Speculative Decoding for 2x Faster Whisper Inference

Open AI’s Whisper is a general
purpose speech transcription model that achieves state-of-the-art results across a spread of various benchmarks and
audio conditions. The most recent large-v3 model tops the
OpenASR Leaderboard, rating as the most effective open-source
speech transcription model for English. The model also demonstrates strong multilingual performance, achieving lower than
30% word error rate (WER) on 42 of the 58 languages tested within the Common Voice 15 dataset.

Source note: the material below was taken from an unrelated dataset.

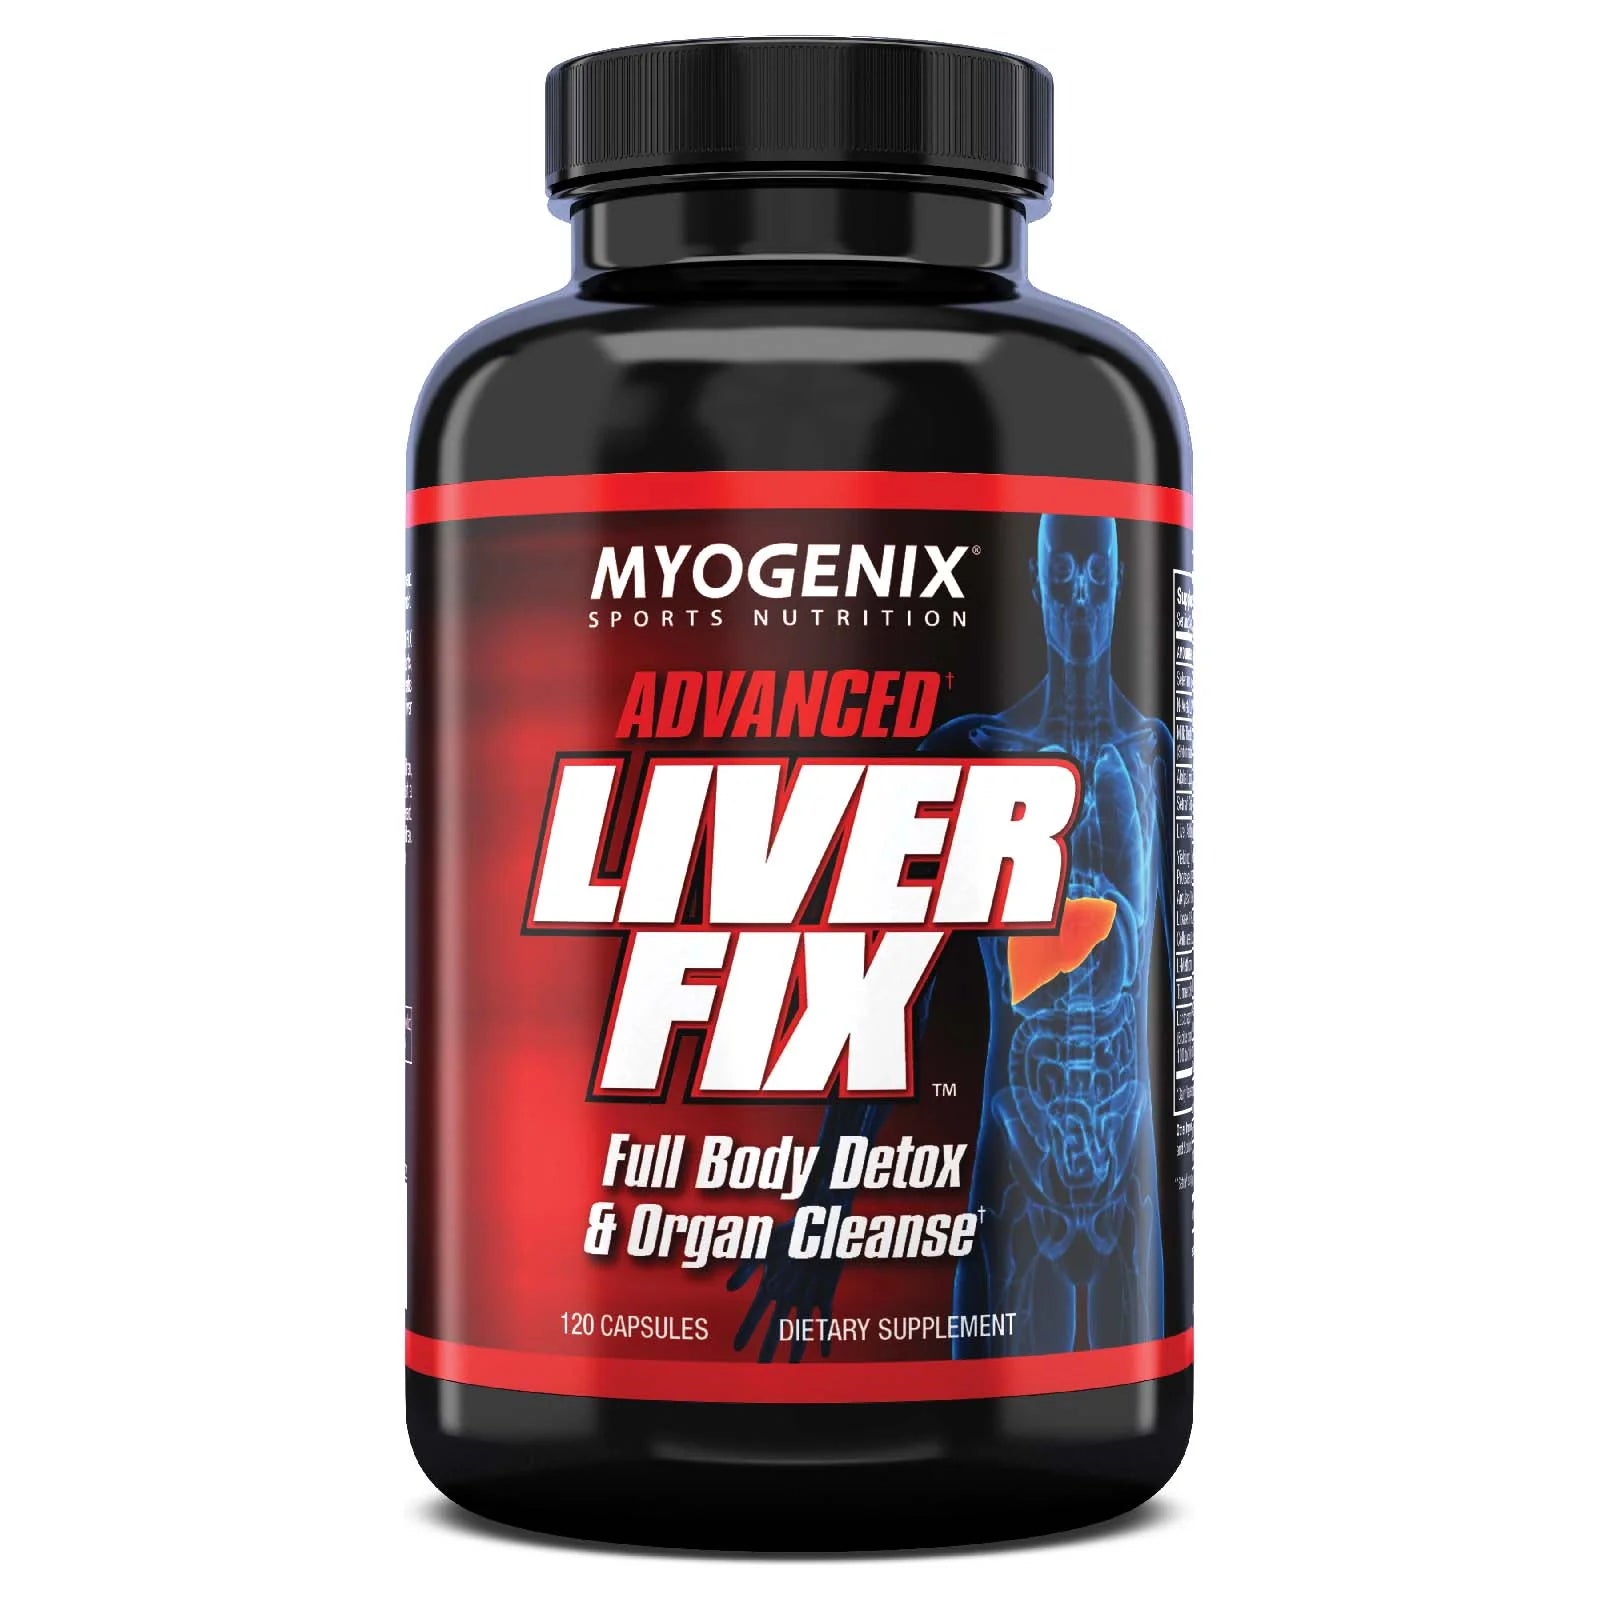 Liver Fix Full Body Detox

While the transcription accuracy is phenomenal, the inference time may be very slow. A 1 hour audio clip takes upwards of
6 minutes to transcribe on a 16GB T4 GPU, even after leveraging inference optimisations like flash attention,
half-precision, and chunking.

On this blog post, we reveal how Speculative Decoding may be employed to scale back the
inference time of Whisper by a factor of two, while mathematically ensuring precisely the same outputs are achieved
from the model. Consequently, this method provides an ideal drop-in substitute for existing Whisper pipelines, because it
provides free 2x speed-up while maintaining the identical accuracy. For a more streamlined version of the blog post
with fewer explanations but all of the code, see the accompanying Google Colab.

Speculative Decoding

Speculative Decoding was proposed in Fast Inference from Transformers via Speculative Decoding
by Yaniv Leviathan et. al. from Google. It really works on the premise that a faster, assistant model fairly often generates the identical tokens as a bigger essential model.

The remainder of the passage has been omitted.